Reino Unido: Documentos revelados confirman necesidad urgente de investigación efectiva sobre el papel del Reino Unido en la tortura y malos tratos a detenidos bajo custodia en el extranjero
Índice AI EUR 45/011/2010
15 de julio de 2010
La revelación ante el Tribunal Superior el 14 de julio de 2010 de varios documentos antes secretos relacionados con el conocimiento y participación de las autoridades del Reino Unido en la detención de nacionales británicos y residentes en el Reino Unido bajo custodia de Estados Unidos y de otras agencias de inteligencia extranjeras se suma a un número creciente de pruebas de la implicación del Reino Unido en detenciones y tratos a los detenidos contrarios a sus obligaciones internacionales en materia de derechos humanos.

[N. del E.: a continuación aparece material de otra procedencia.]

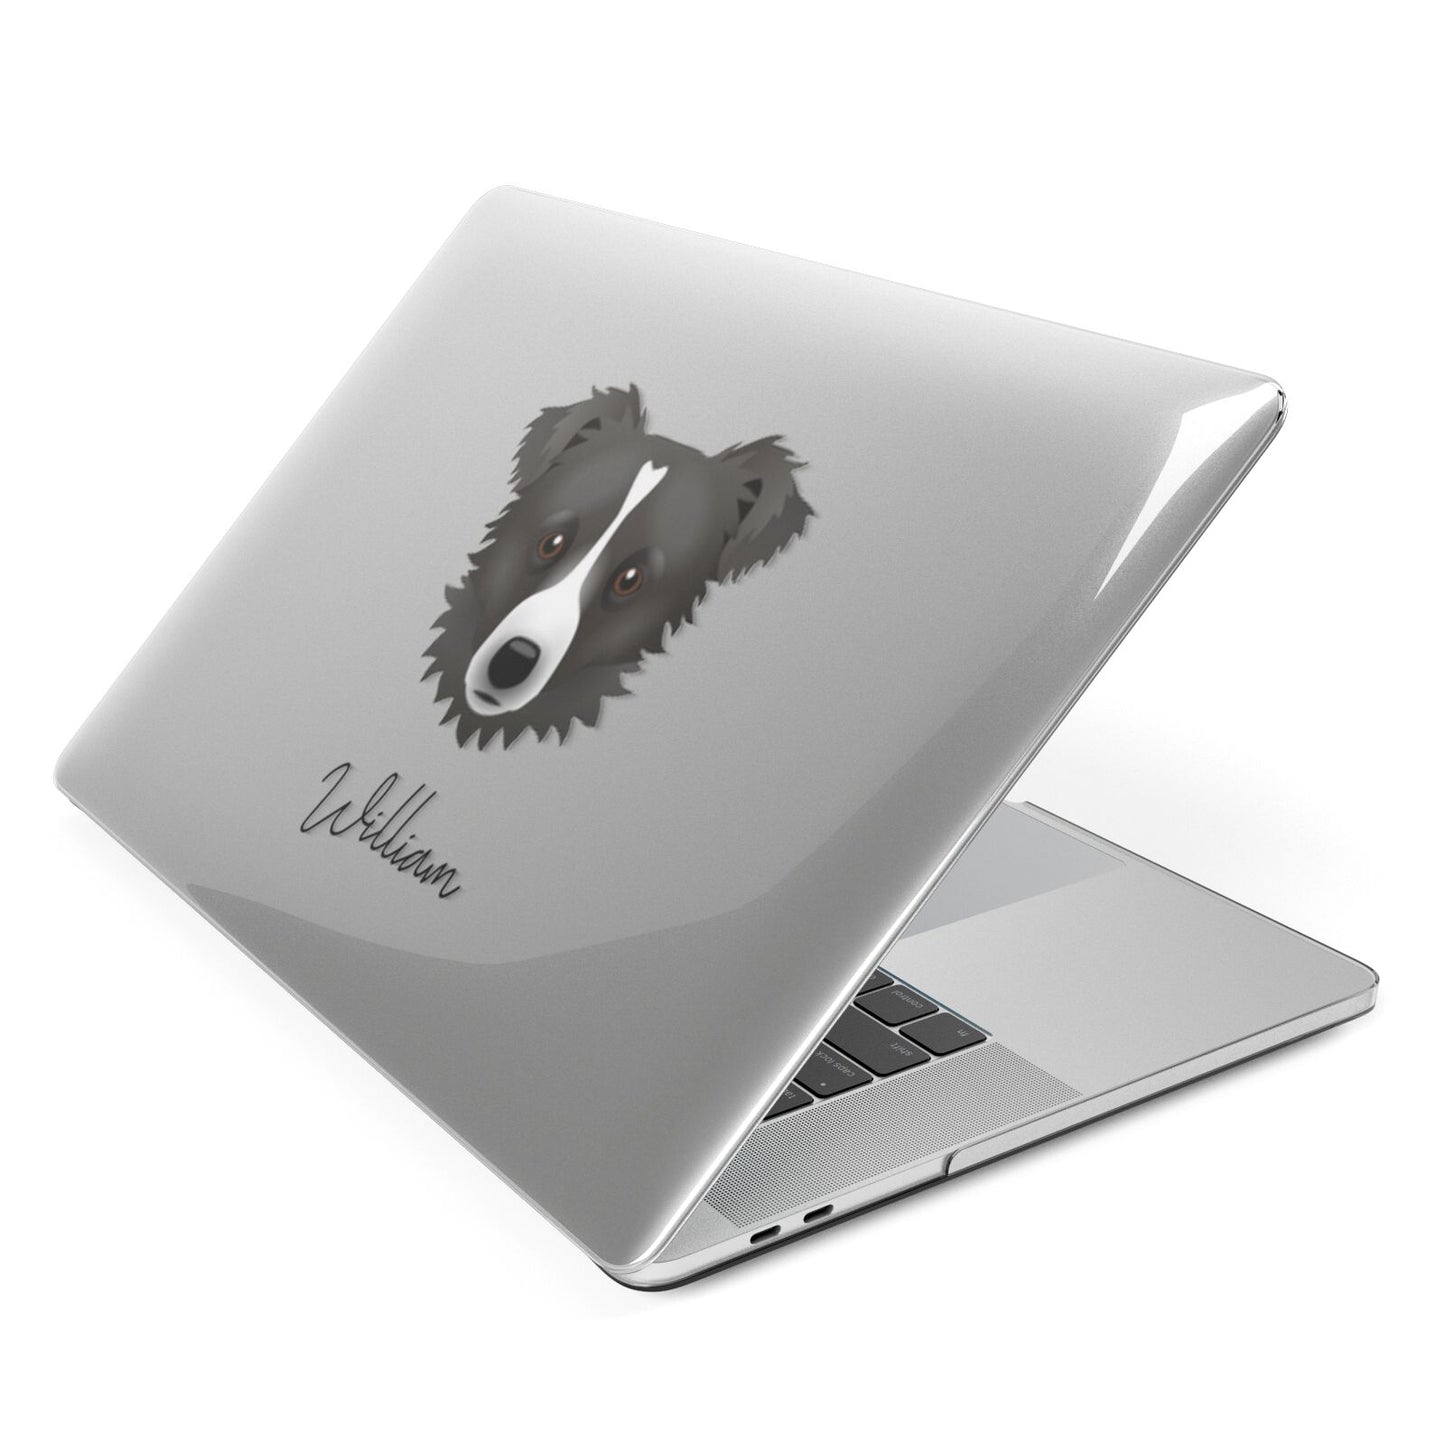 Kokoni Personalised Apple MacBook Case Side View

Los documentos revelados, la mayoría de los cuales están parcial o significativamente editados, permiten entrever el papel desempeñado por diversos funcionarios británicos, incluidos agentes del Servicio de Seguridad del Reino Unido (MI5) y del Servicio de Inteligencia Secreto (MI6), funcionarios ministeriales, funcionarios civiles y abogados del gobierno, entre otros, y apuntan
directamente, una vez más, a la necesidad urgente de una investigación independiente, imparcial y efectiva para establecer la verdad sobre estas violaciones graves de derechos humanos.
Los documentos —que incluyen orientaciones políticas y asesoramiento jurídico para los servicios de inteligencia, informes de agentes de los servicios de inteligencia que realizaban investigaciones sobre el terreno y comunicaciones entre departamentos gubernamentales sobre política general y casos individuales de nacionales británicos y residentes en el Reino Unido bajo custodia de
servicios de inteligencia extranjeros— fueron publicados en la edición de hoy del diario The Guardian, tras ser revelados en el curso de una reclamación civil por daños y perjuicios formulada ante los tribunales nacionales por seis ex detenidos de la base de Guantánamo, todos ellos nacionales británicos o residentes en el Reino Unido (véase información complementaria).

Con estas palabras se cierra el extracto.